§ INPUT DATA
..........

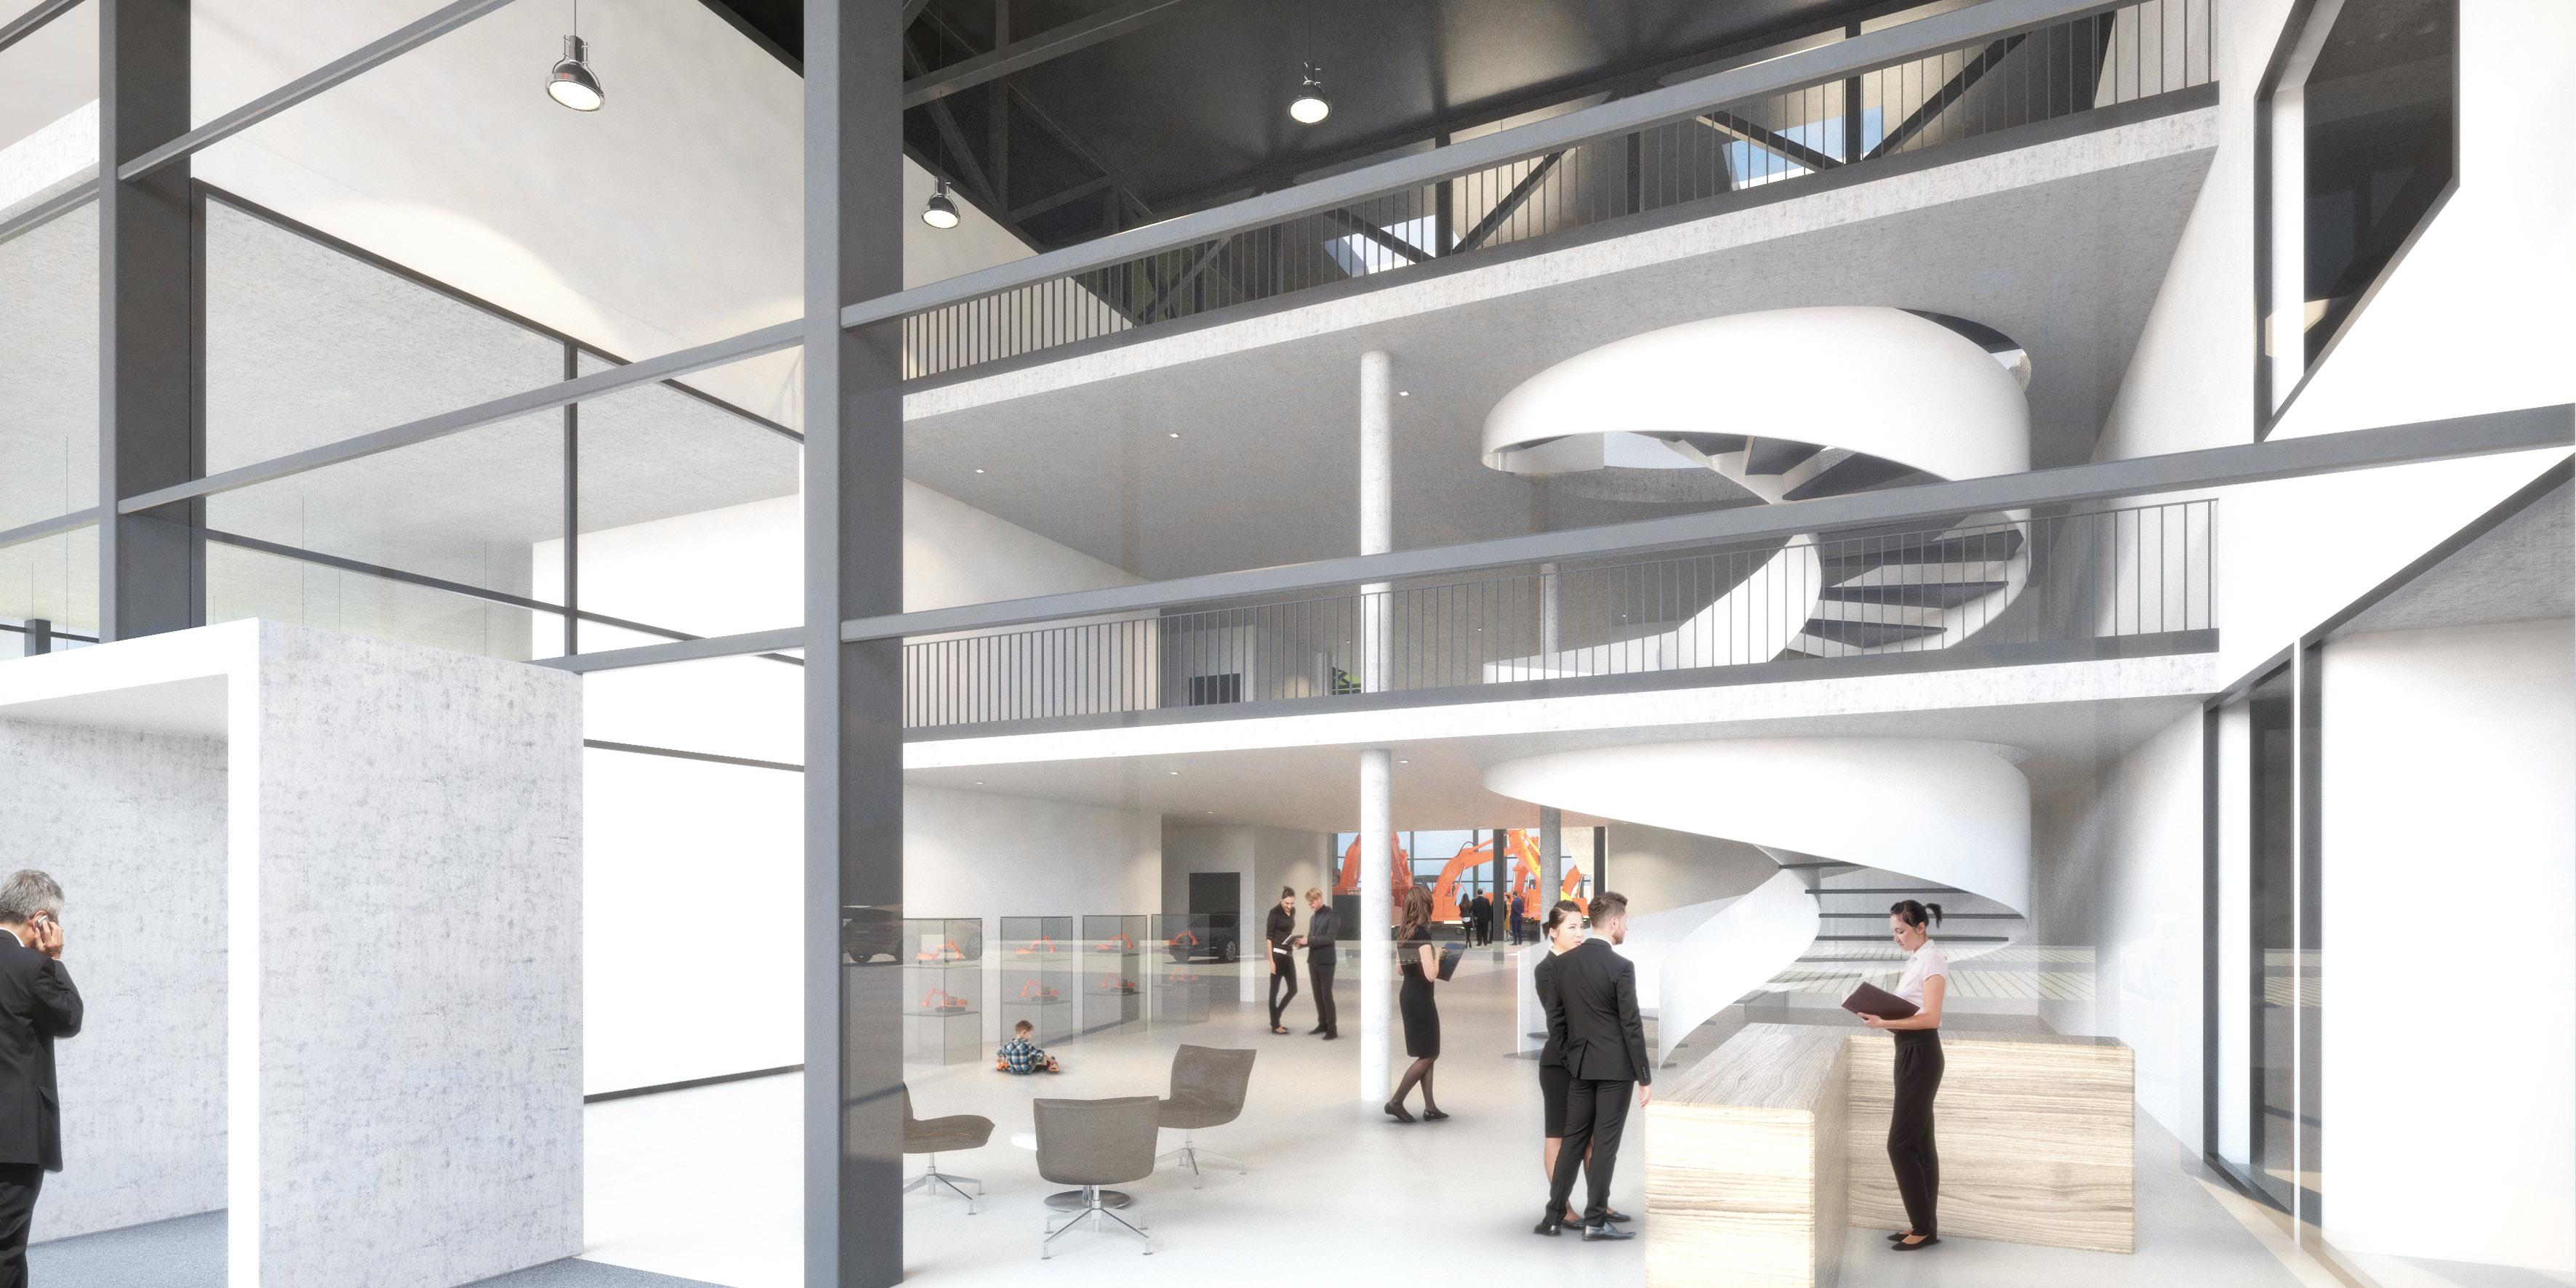 Moderne, aber zweckmäßige Architektur wird das Gebäude prägen.
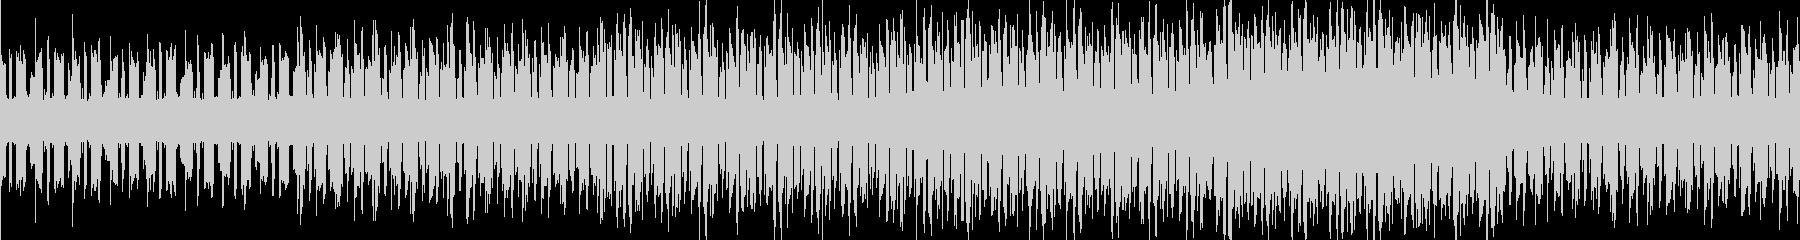 テンポが速い暗い曲の未再生の波形
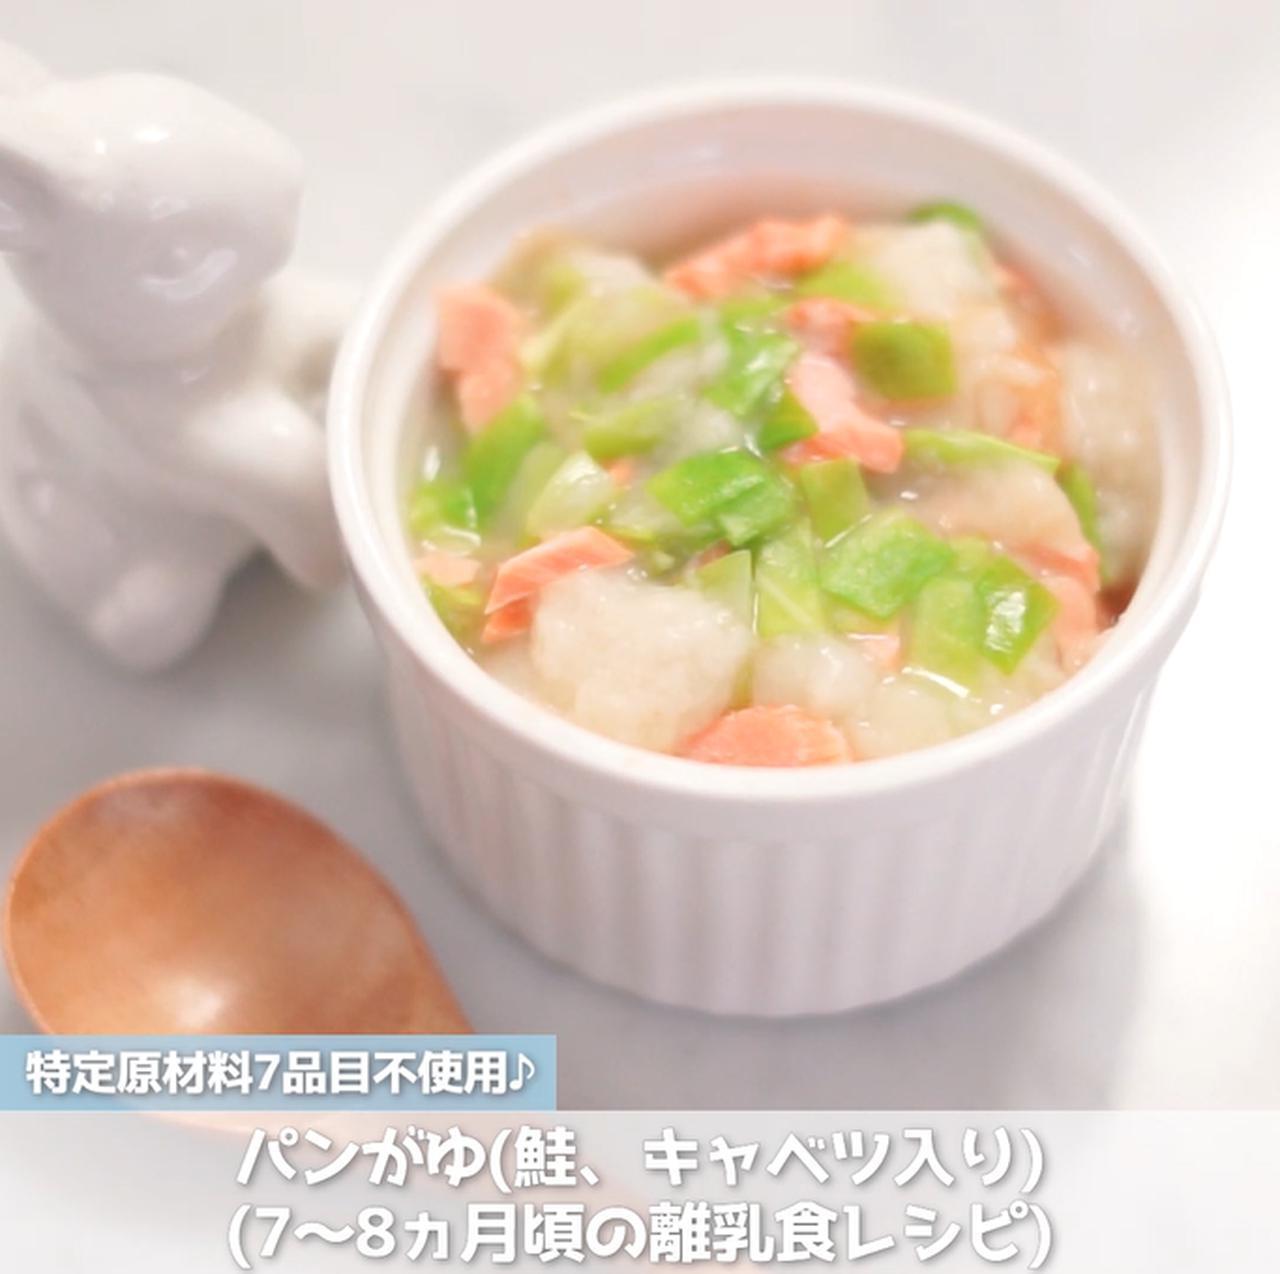 画像: 離乳食レシピ!米粉のパンで作るふわふわパンがゆ - 君とごはん

..........

§ PROBLEM TO WORK ON
Apart from the images, please copy every line of the data exactly as written.

§ OUTPUT OF THE EXERCISE
 Moderne, aber zweckmäßige Architektur wird das Gebäude prägen.
 テンポが速い暗い曲の未再生の波形
 画像: 離乳食レシピ!米粉のパンで作るふわふわパンがゆ - 君とごはん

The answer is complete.